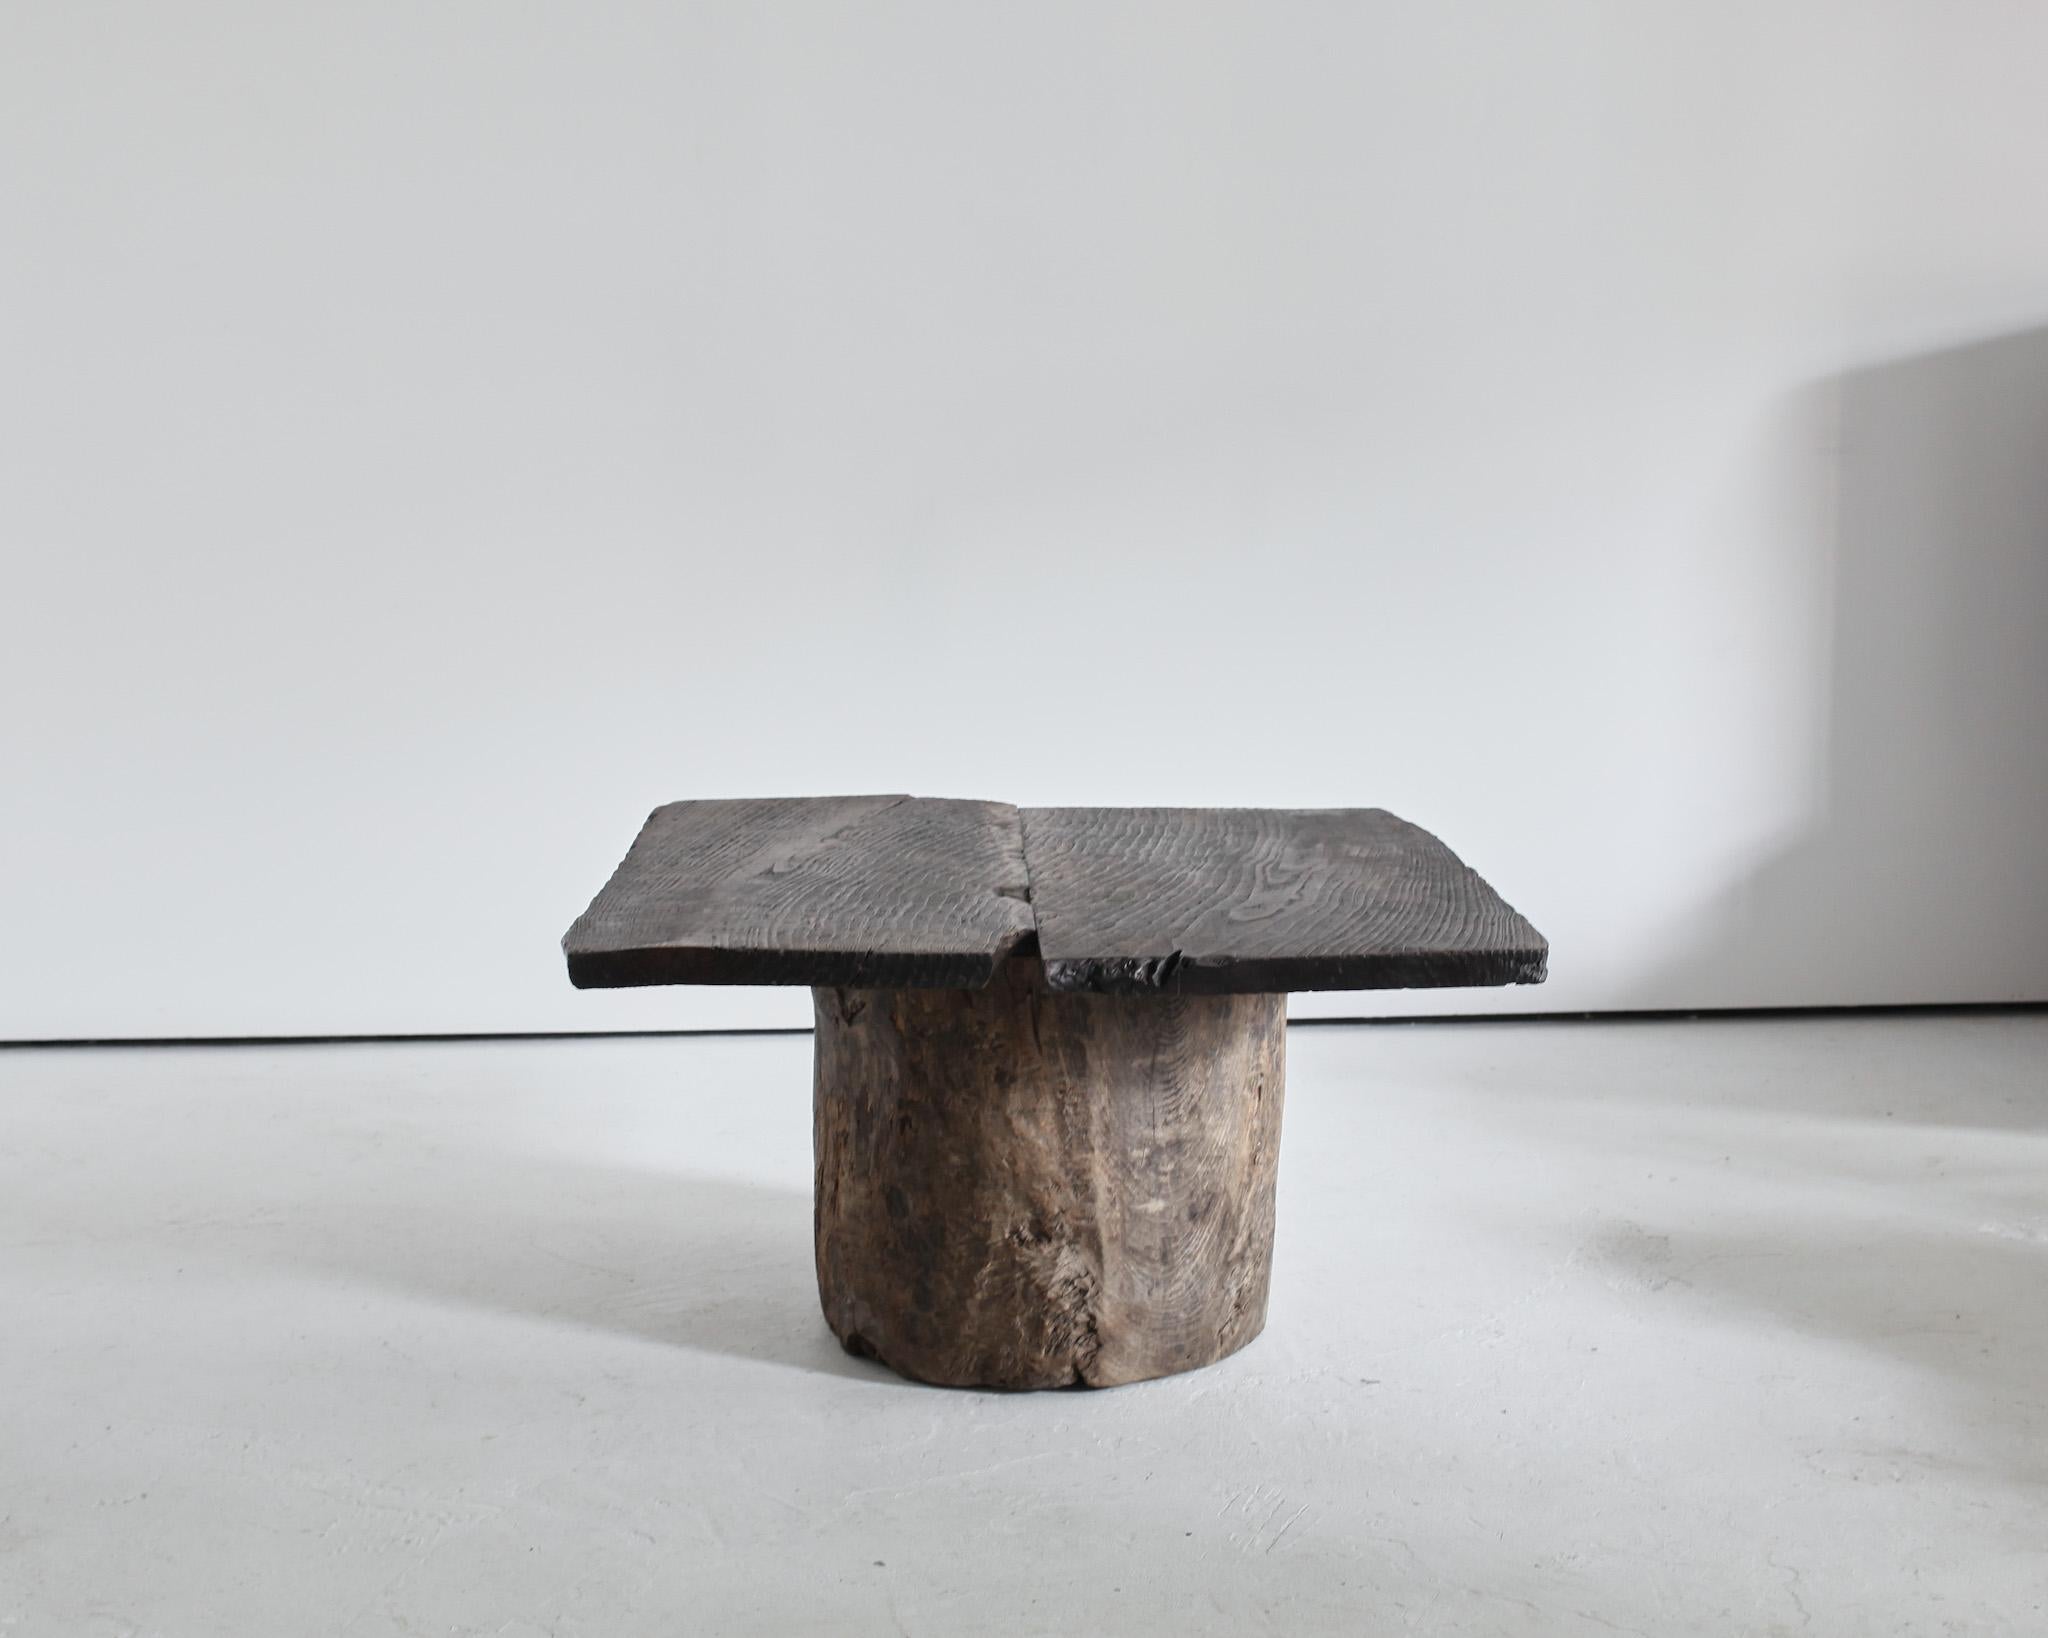 Une table basse japonaise unique et de grande taille.

Plateau en cèdre fortement patiné en deux parties sur une base en cèdre creusée fortement patinée.

Fabriqué à partir d'éléments japonais du C.I.C. dans notre atelier de Londres.
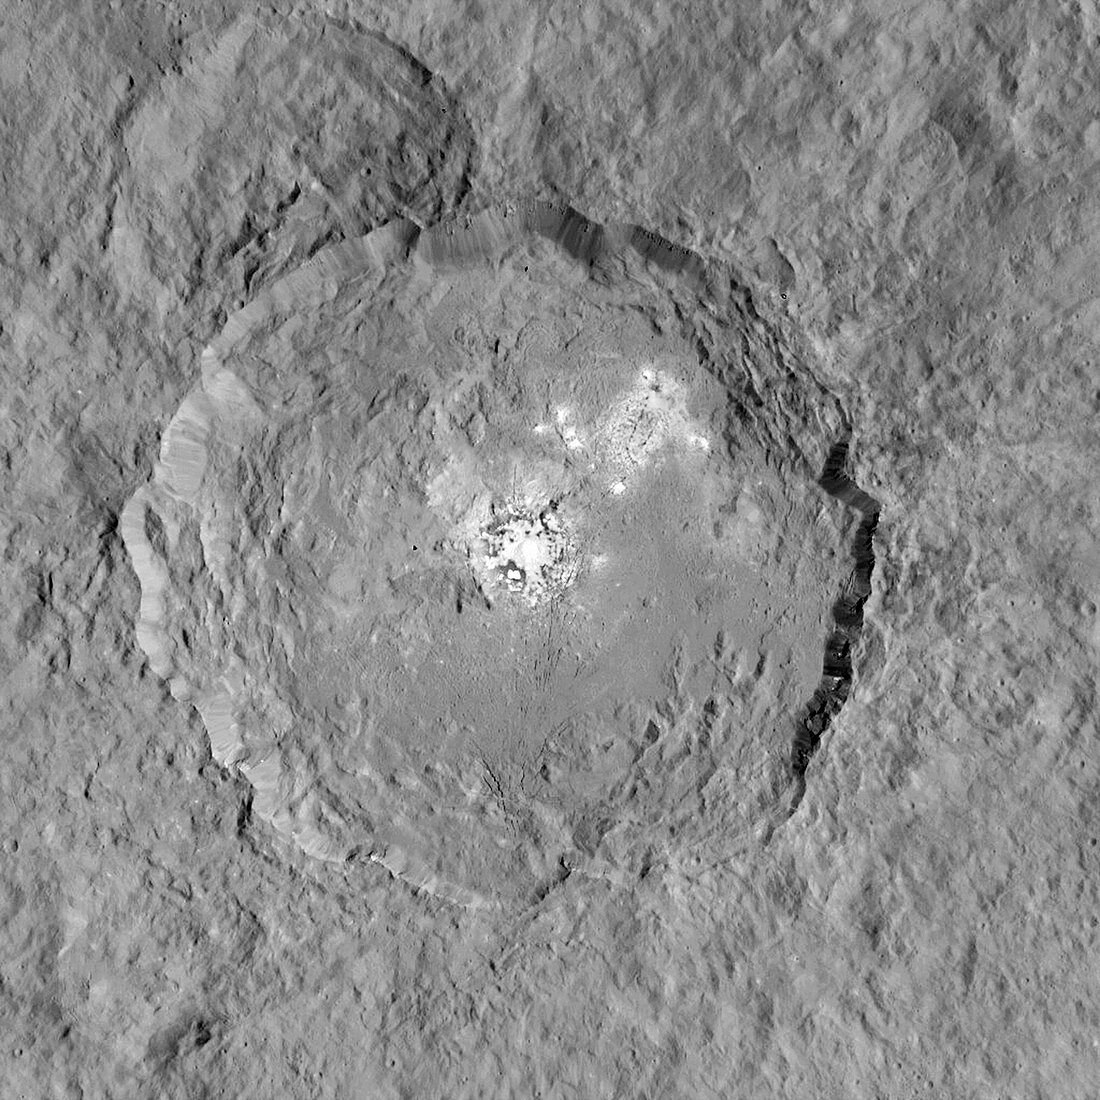 Occator crater,Ceres,satellite image
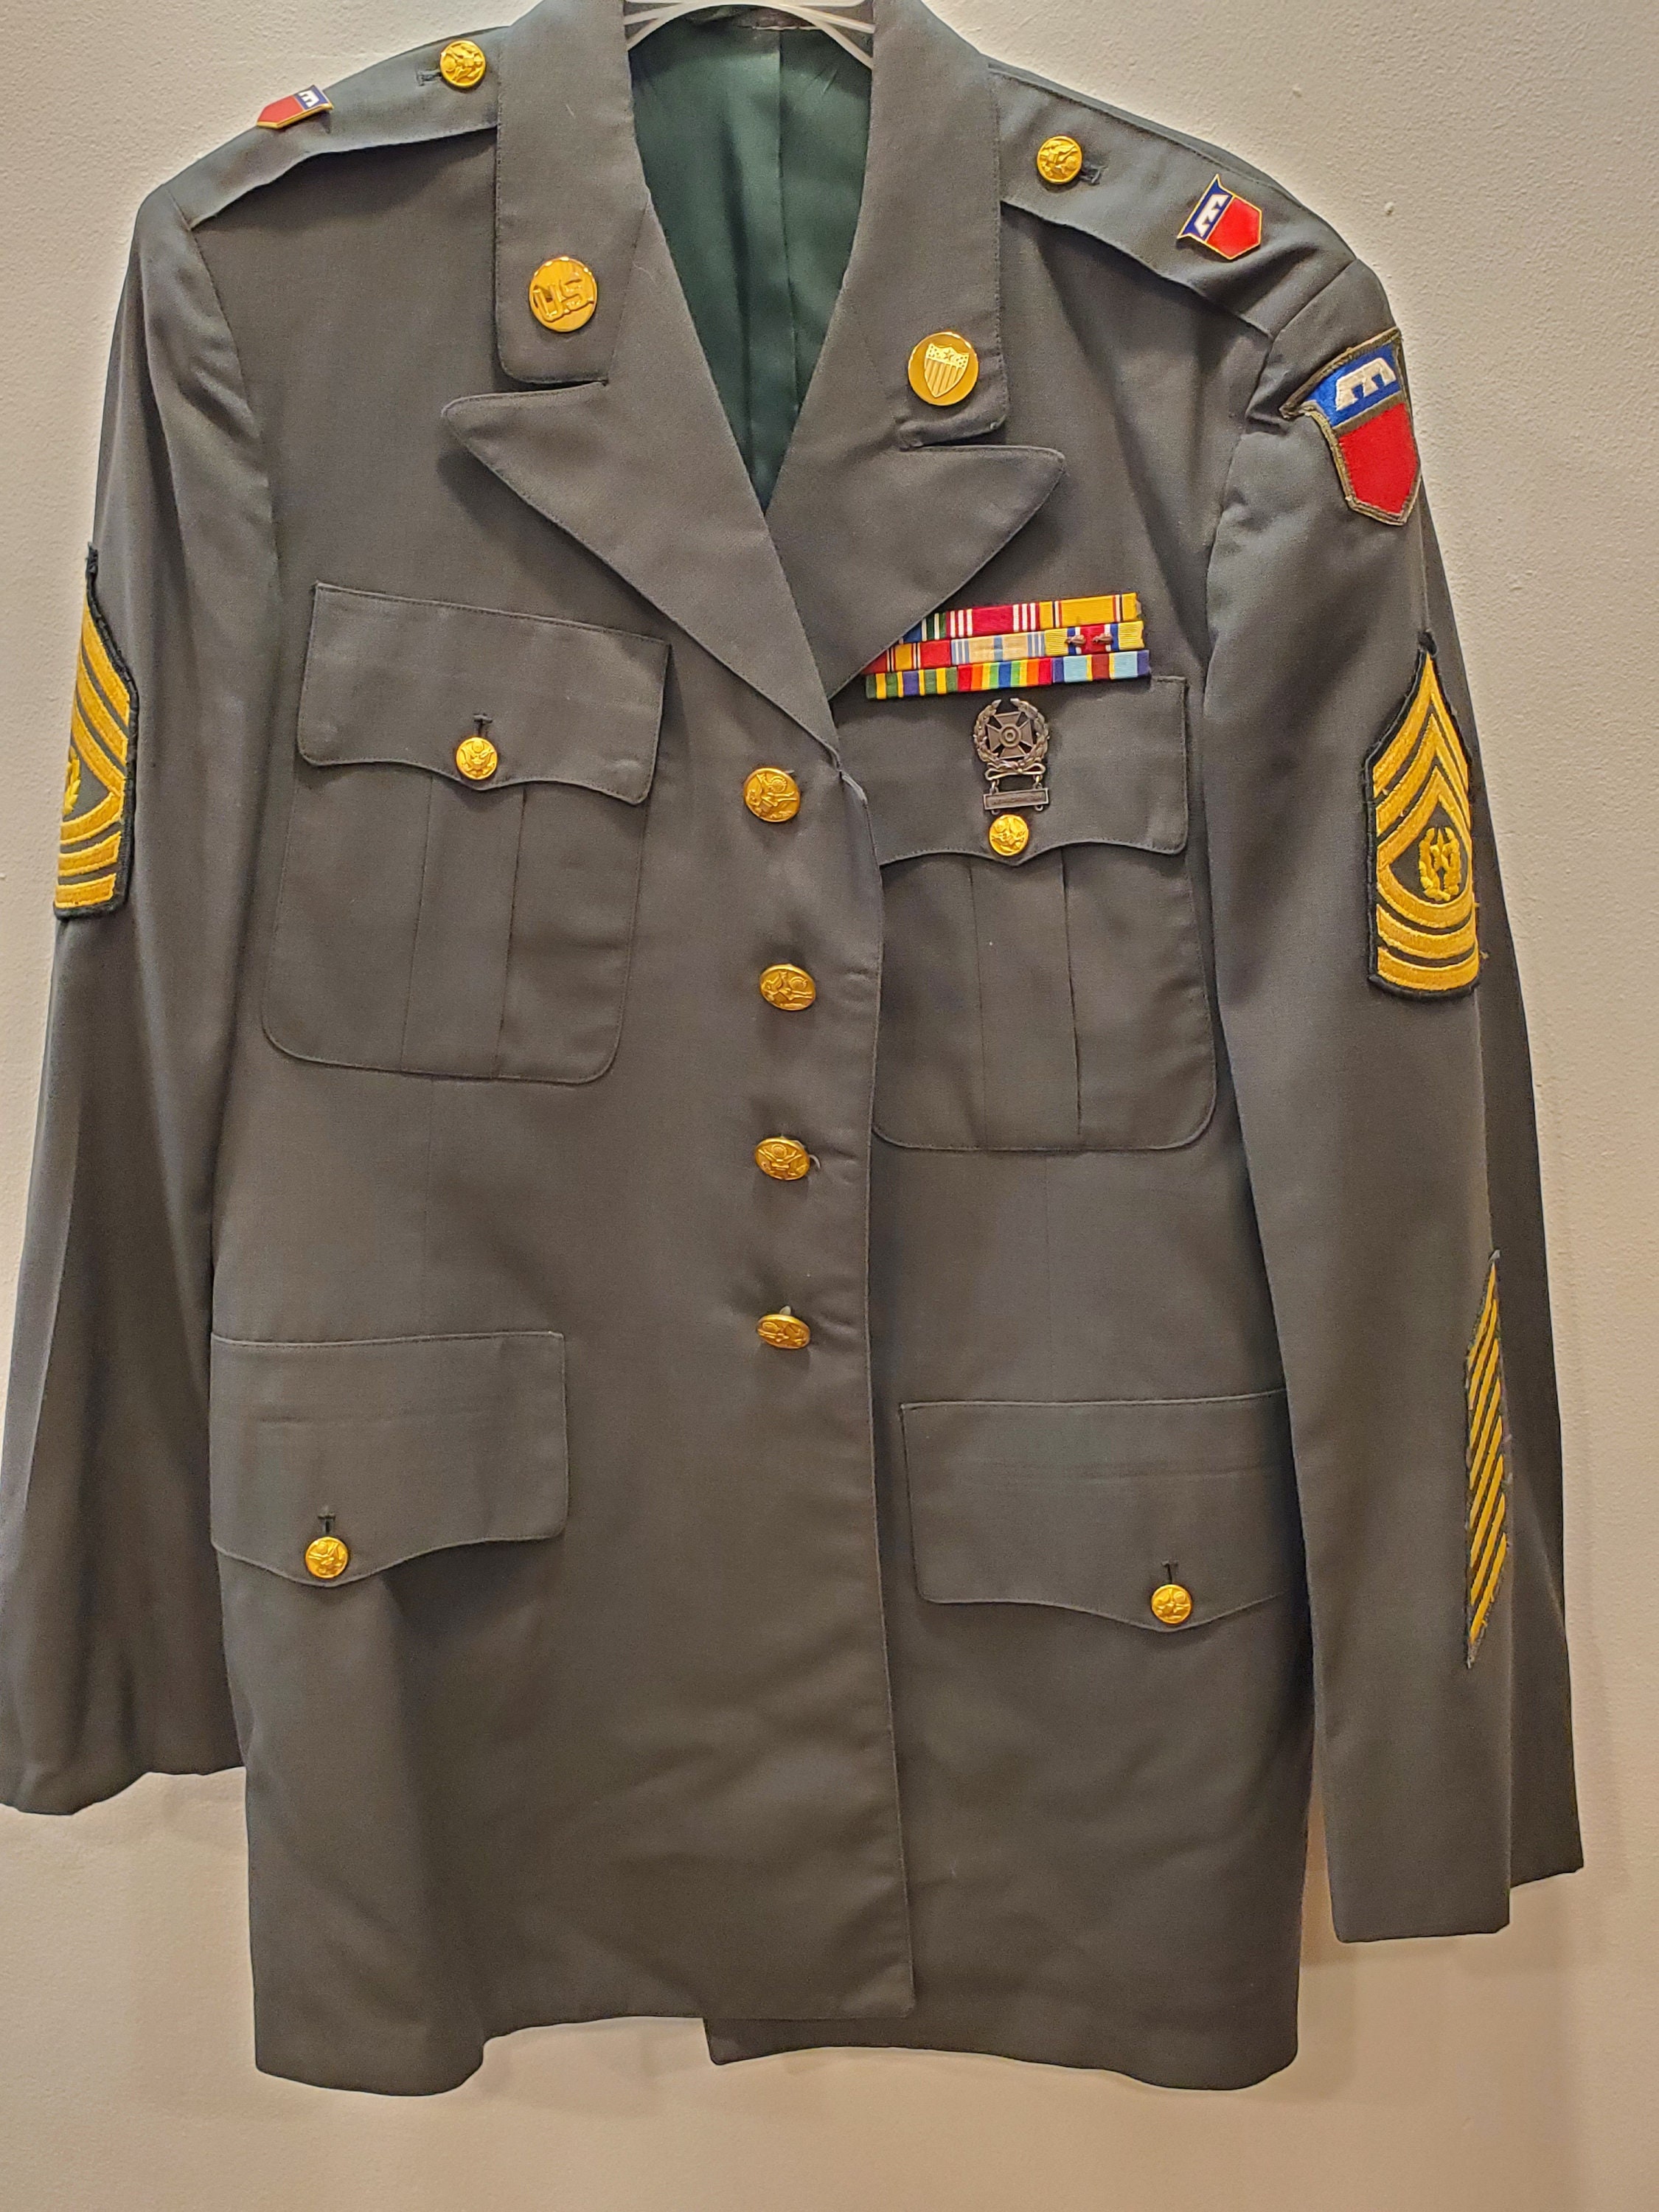 Original Vietnam Era 1967 Green Full Uniform Master Sgt. Command 79th ...
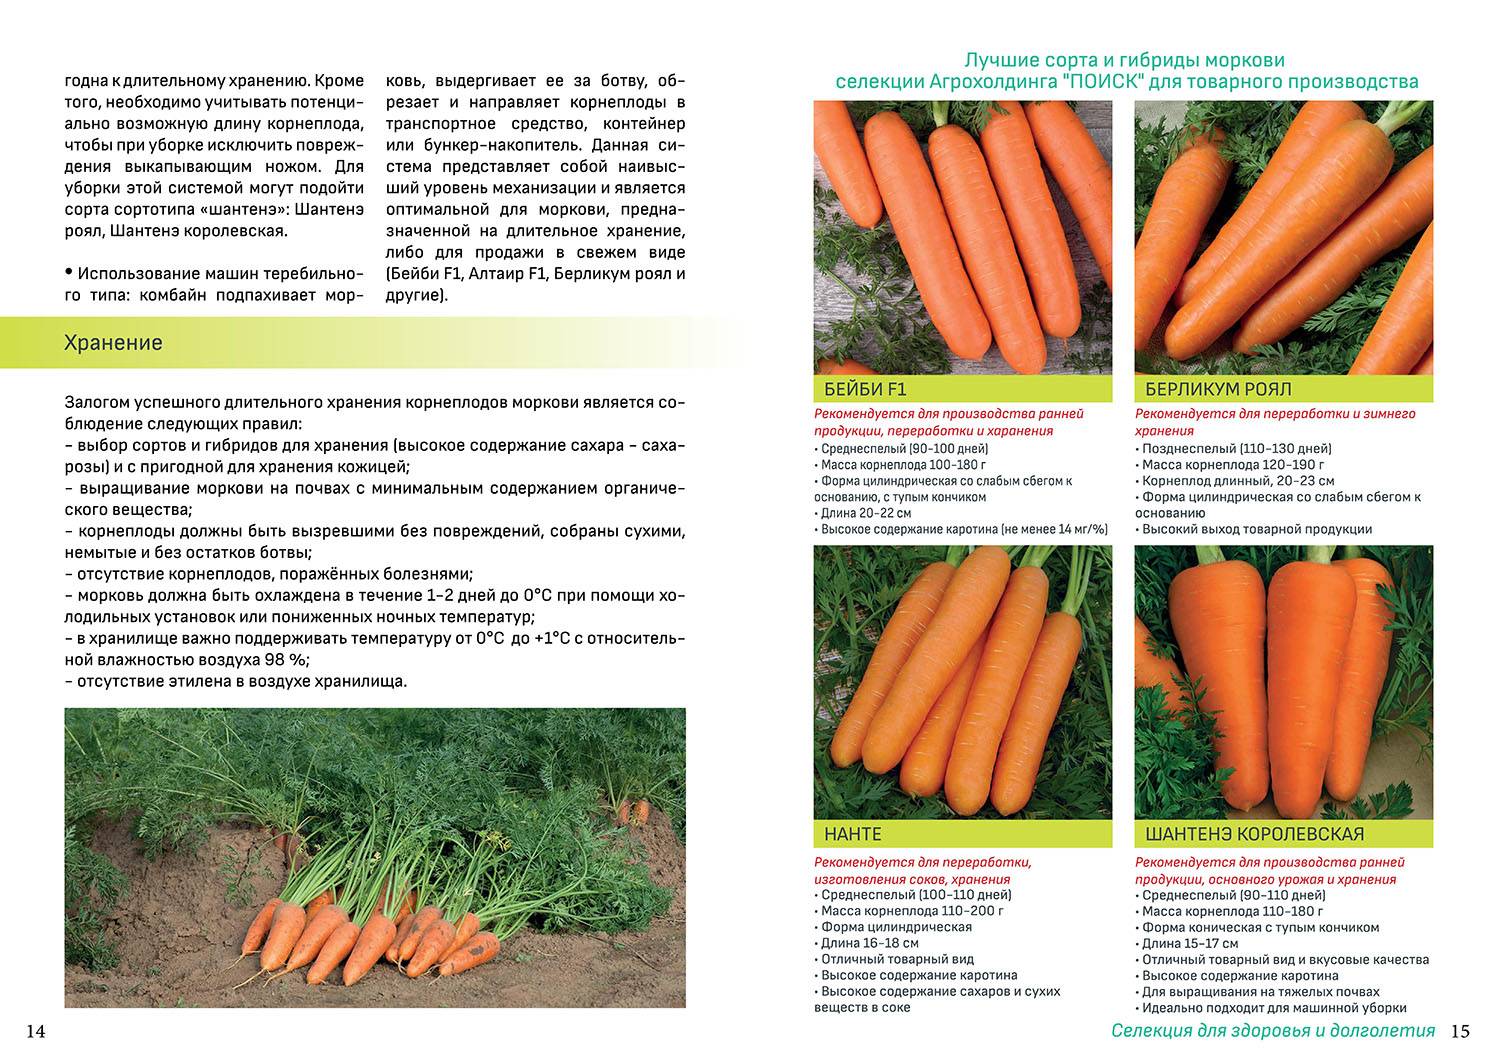 Морковь под зиму: когда сажать, какие сорта лучше сеять на урале, в сибири, подмосковье

Assignment: Only an exact copy of the records counts as an answer. Leave out the images.

Task solution:
 Une table basse japonaise unique et de grande taille.

Plateau en cèdre fortement patiné en deux parties sur une base en cèdre creusée fortement patinée.

Fabriqué à partir d'éléments japonais du C.I.C. dans notre atelier de Londres.
 Occator crater,Ceres,satellite image
 Original Vietnam Era 1967 Green Full Uniform Master Sgt. Command 79th ...
 Морковь под зиму: когда сажать, какие сорта лучше сеять на урале, в сибири, подмосковье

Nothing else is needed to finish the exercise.